I go through the range. And I could see that the best-- what I'm showing on the other page is the best possible for the tuning parameter of the competitor.
AUDIENCE: So this is cross validation for [INAUDIBLE]?
SAMORY KPOTUFE: Sorry.
AUDIENCE: Cross validation [INAUDIBLE]?
SAMORY KPOTUFE: That's the problem in unsupervised learning, right? We cannot do cross-validation, because we don't have a ground truth a priori that we can cross-validate against. The scoring functions themselves are not easy to cross-validate against, unlike in classification and such things.

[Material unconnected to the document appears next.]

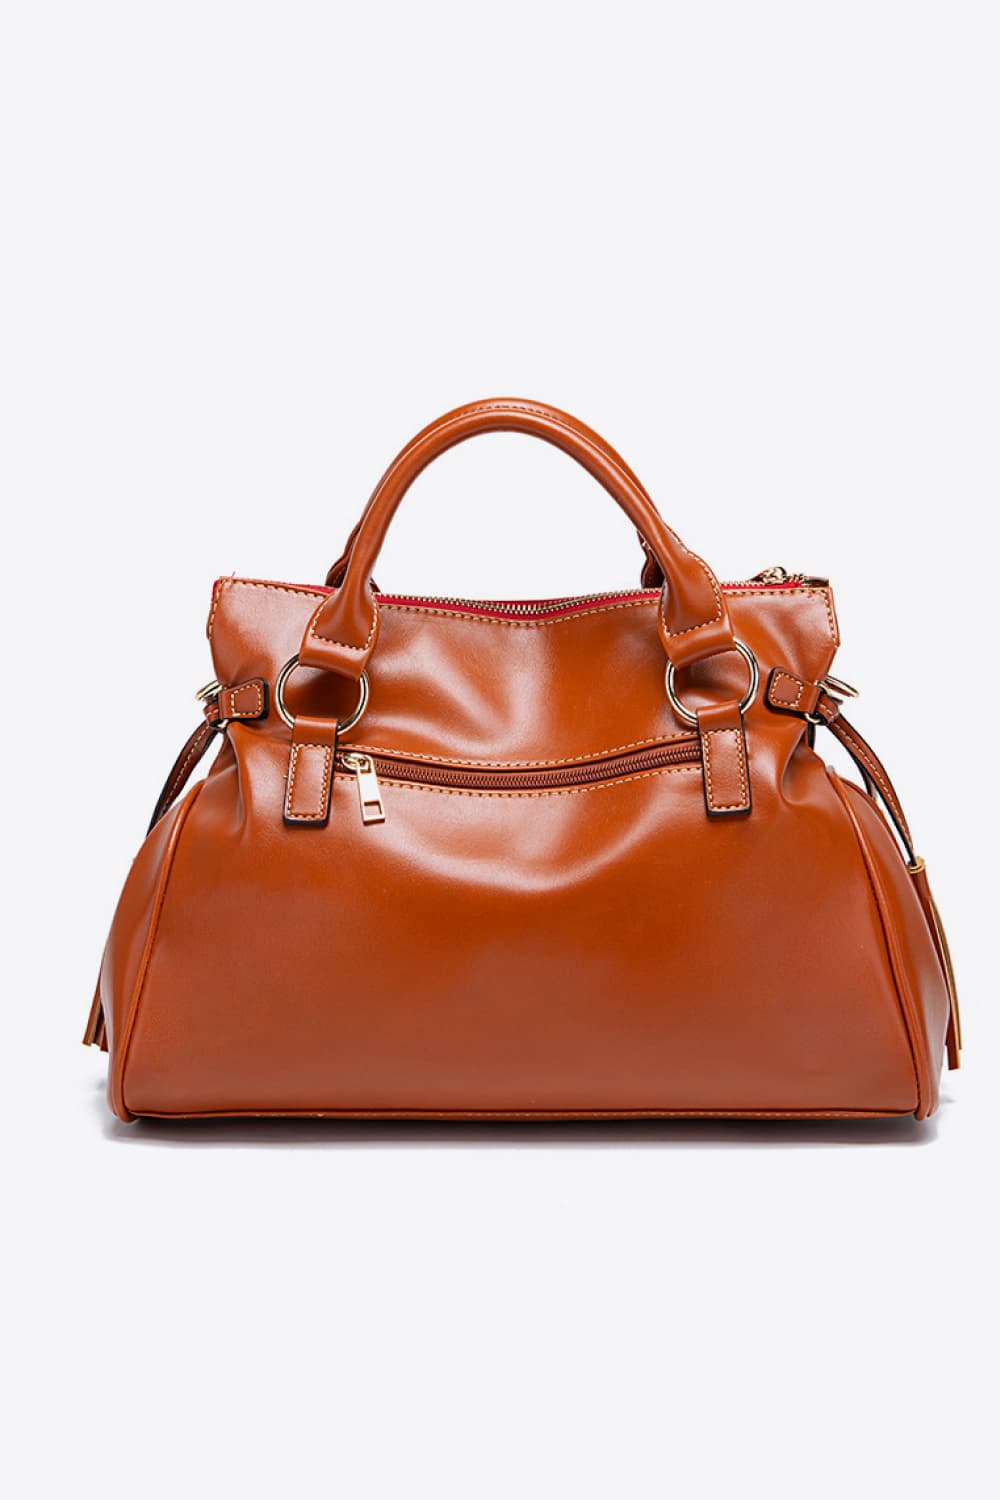 PU Leather Handbag with Tassels - Thandynie

So that's why I did this. I didn't do cross-validation. We do have labels, labels for the testing data. And so for the labels from the testing data, we're computing the score. But we going through all the possible choice of parameter settings.
But we don't know how to choose the parameters a priori. And so for all the possible parameter settings, I'm reporting the best possible that was done. The good thing with QuickShift++ is that in a lot of cases, the range of parameters on which we are doing well is very large. k is just the number of neighbors.

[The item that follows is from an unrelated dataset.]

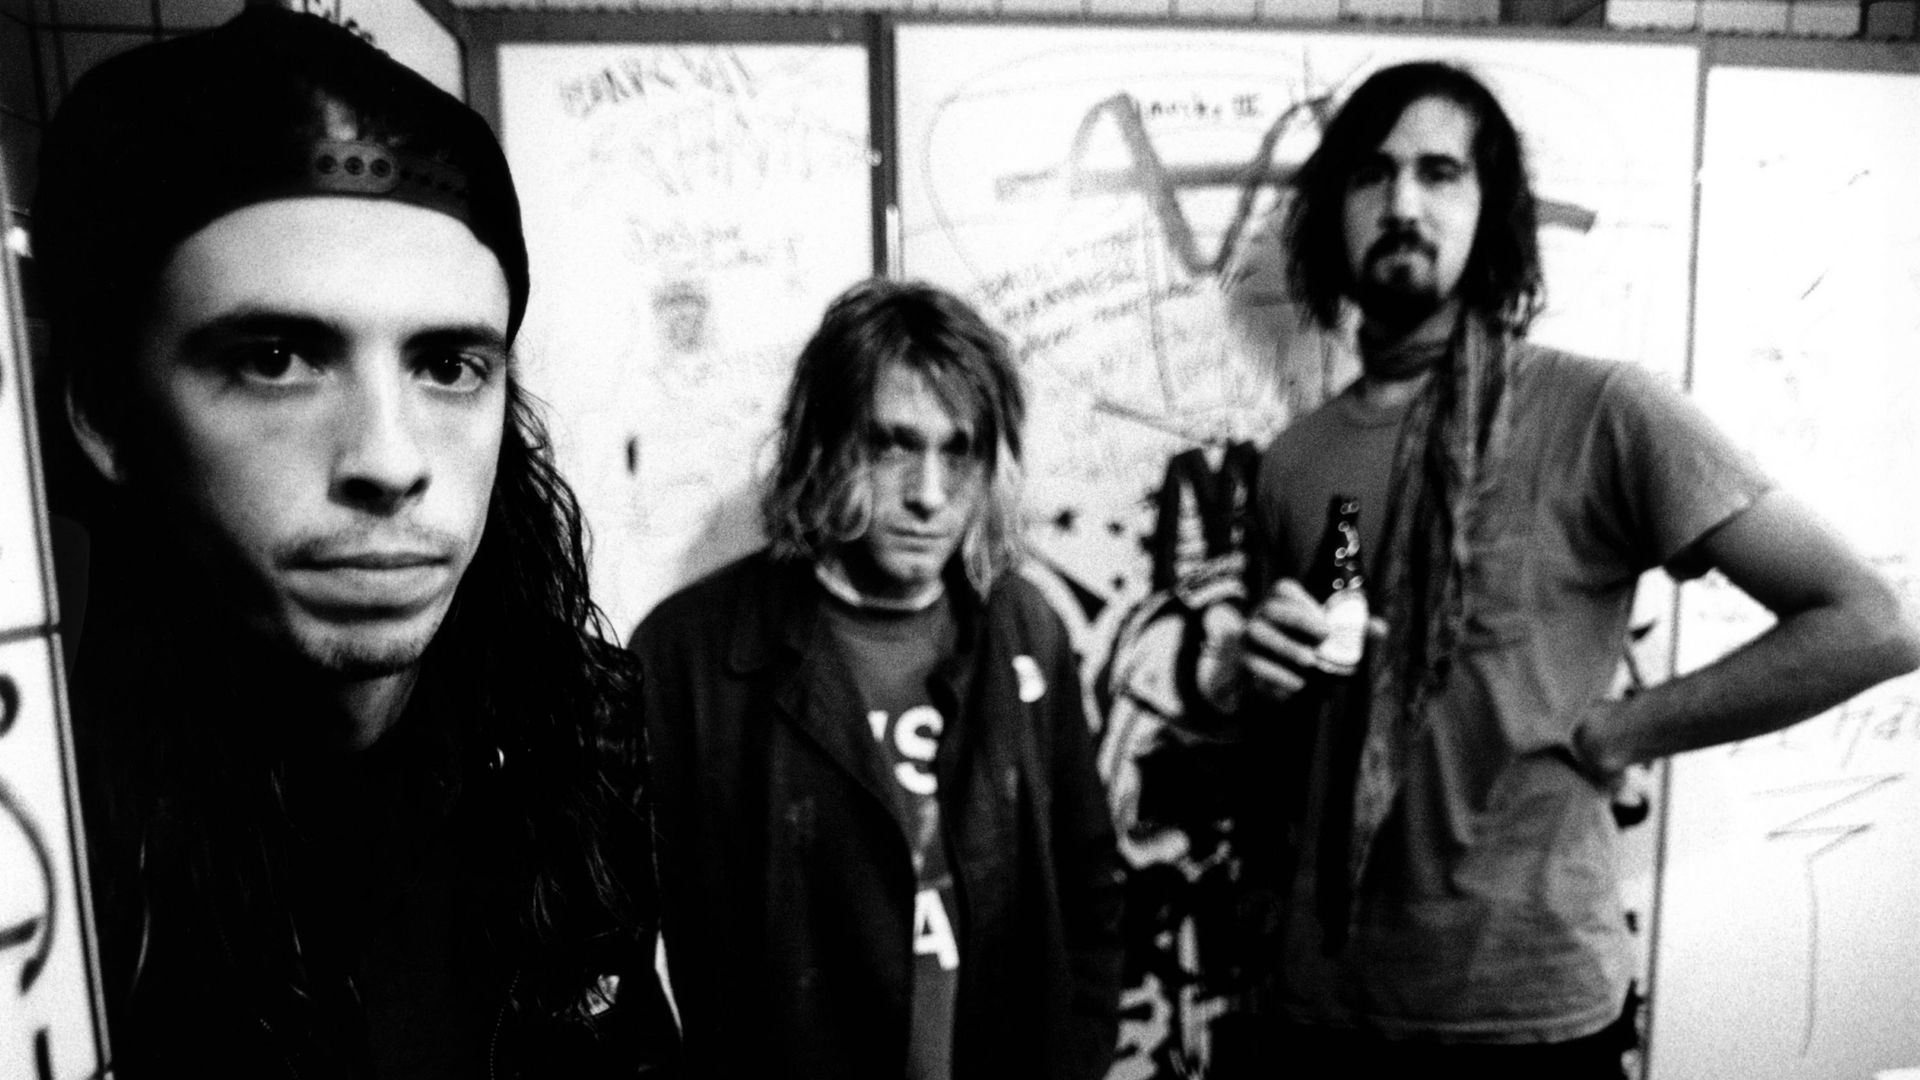 “Kurt era geloso di Dave”: il biografo ufficiale dei Nirvana spiega perché Kurt Cobain “si arrese” a Dave Grohl

And it turns out that when we look back at the theory, the theoretical range is also very large. It goes from log n to a root [INAUDIBLE]. And so, for that whole theoretical range, and for a lot of the data sets we get, that for a whole theoretical range, we plateau somehow. The performance remains fairly good. So the procedure in itself is very stable in that sense.
We started also investigating a few other applications. In medical imaging, image segmentation, in computer vision, and also problems having to do with outlier detection in smart cities, internet of things, and such things. Here I'll just show you some quick results for image segmentation.

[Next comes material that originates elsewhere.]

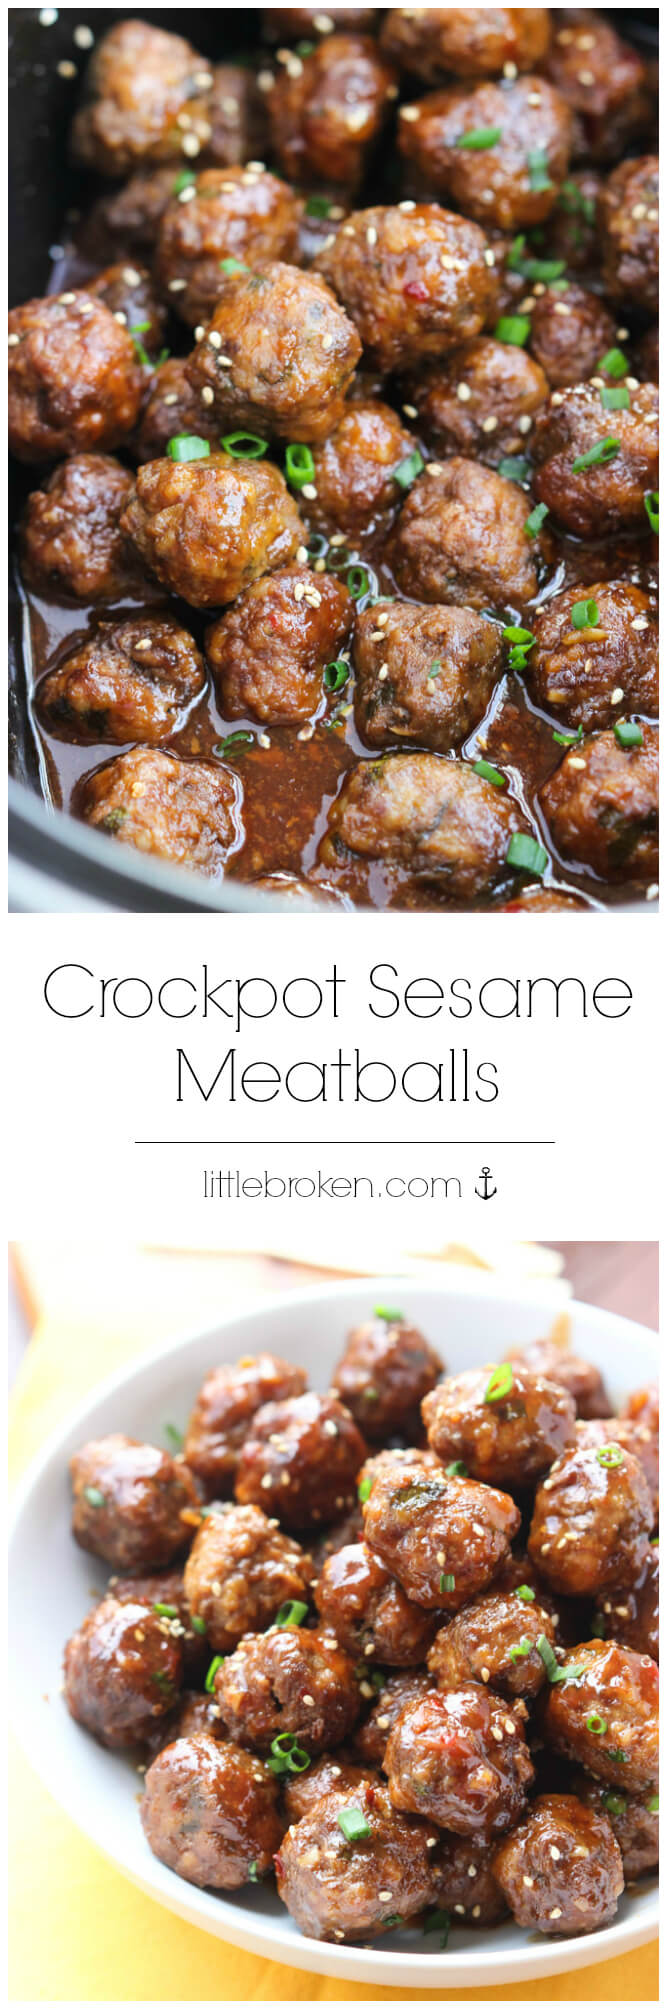 Crockpot Sesame Meatballs - Little Broken

QuickShift-- OK, before I even start there, we all know that today the go-to procedure is deep neural nets for almost everything. However, in image segmentation, deep neural nets don't work as well unless you have also labels. So there is also what's called semi-supervised image segmentation, in which deep neural nets work very well.
But in purely unsupervised image segmentation, one of the best things is still QuickShift and Mean Shift. And so we're comparing against QuickShift. And what we're reporting here is the best tradeoff between over segmentation and under segmentation.
And some of our results here are very qualitative, but we get pretty good results so far in image segmentation for this problem.
AUDIENCE: What's that density function?
SAMORY KPOTUFE: Sorry. Oh, the density function here, you actually just pretend [INAUDIBLE] the intensity is a form of density.
AUDIENCE: The color doesn't matter?
SAMORY KPOTUFE: So you could use color. But often, you do a first transformation. That gives you a general intensity over seven dimensions [INAUDIBLE]. And then you perform this thing on there. But in black and white, it's easier to understand.
All right, so some future questions are adaptation. I think you were asking such questions. Can we optima-- can we automatically choose the parameter procedure? Even though the procedure is very stable to which choice of parameters, we would still like to be able to just look at the data and make the optimal choice of parameter. So that one is a fairly hard problem so far.
High-dimensional clustering, we would like to be able to go beyond 300 dimensions to much higher. And in those cases, we need to come up with some notion of feature selection within unsupervised learning. Or maybe go through spectral and projection approaches. But the right approach is not so clear so far. All right. That will be all, thank you.